Wikileaks and Cuba 2009: Should the US Support Regime Change? (No.)

By April 2009, the long-term leader of Cuba, Fidel Castro, had been permanently incapacitated by illness. His brother Raul had taken over as head of the Government which, despite the uncertainty, had maintained its authority.

In this cable, the US Interests Section in Havana had a long look at the situation to assess the possibility that dissidents could remove the Castro Government. What they saw was bleak: "There are few if any dissidents who have a political vision that could be applied to future governance....The dissident movement is heavily penetrated by state security. This penetration allows the government to play on the egos and personal feuds that are normal in any society, and exacerbate the divisions that would exist naturally among the dissidents."
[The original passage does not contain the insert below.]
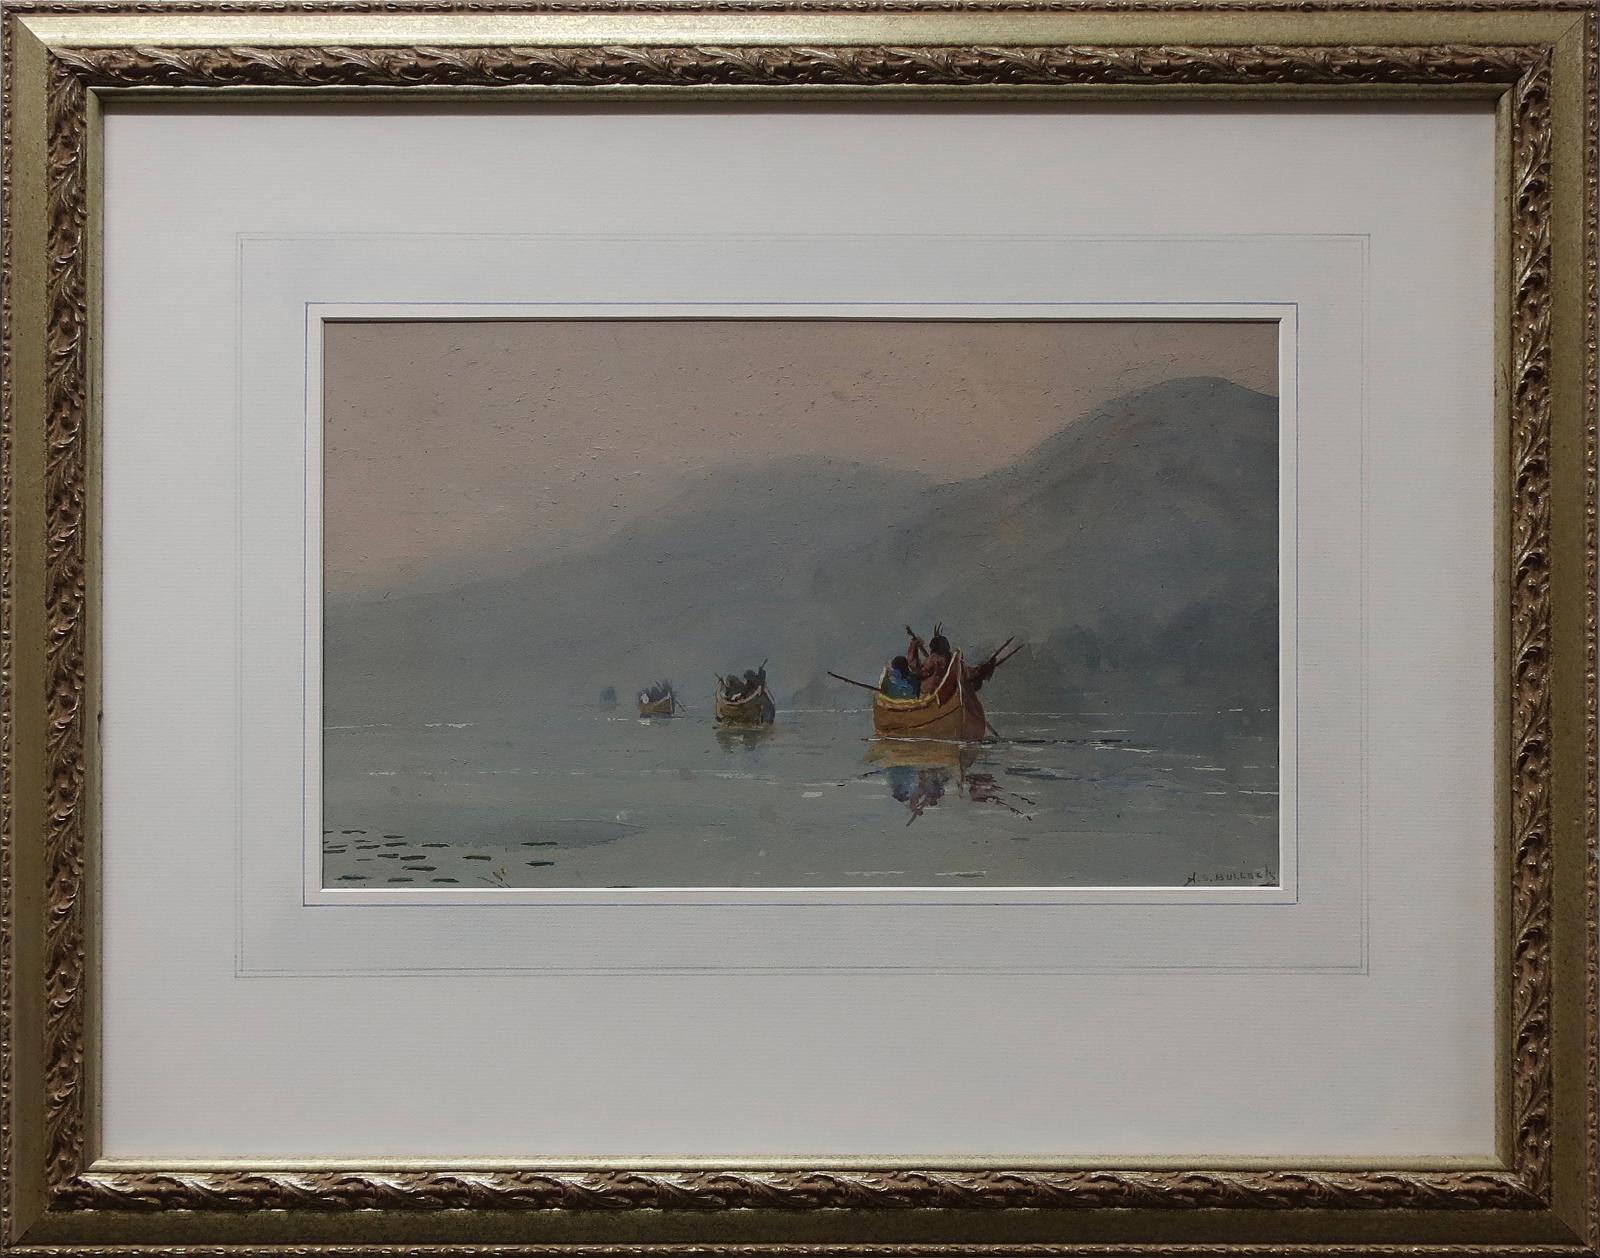 H.S. Bullock - Untitled (Indigenous Canoers On A Misty Morning)

So the US diplomats concluded, "We will need to look elsewhere, including within the government itself, to spot the most likely successors to the Castro regime."

THE ORIGINAL CABLE

P 151333Z APR 09
FM USINT HAVANA
TO RUEHC/SECSTATE WASHDC PRIORITY 4310
INFO RHMFISS/CDR USSOUTHCOM MIAMI FL
RUEAIIA/CIA WASHINGTON DC
RHMFISS/COGARD INTELCOORDCEN WASHINGTON DC
RHEHAAA/NATIONAL SECURITY COUNCIL WASHINGTON DC
RHMFISS/NAVINTELOFC GUANTANAMO BAY CU


C O N F I D E N T I A L HAVANA 000221
SIPDIS
E.O. 12958: DECL: 03/08/2019
TAGS: PGOV PINR PREL PHUM CU
SUBJECT: THE U.S. AND THE ROLE OF THE OPPOSITION IN CUBA

¶1. (C) SUMMARY: As the Raul Castro government of Cuba (GOC) appears to have settled into a position of undisputed authority internally, it is worth asking what the Cuban political opposition is doing and the role it may play in the future. Two recent op-ed pieces in the international press that have infuriated dissident leaders argue that the answers are: not much and none. Though the op-ed pieces do not mention it, this assessment should carry the caveat that part of the reason for the relative inaction of the opposition is that the GOC is taking active steps to undermine it. Many opposition groups are prone to dominance by individuals with strong egos who do not work well together and are therefore easy targets for manipulation by the Cuban security services. The Agenda para la Transicion, which was launched with much promise one year ago, is on the verge of breaking apart. Oswaldo Paya's Dialogo Nacional has picked up some stray dissidents, but has not taken any significant action in months. Though dissidents have reacted very negatively to the articles in the international press, the fact is that they contain more than a grain of truth and it would have been better if the criticism had been taken as a wake-up call.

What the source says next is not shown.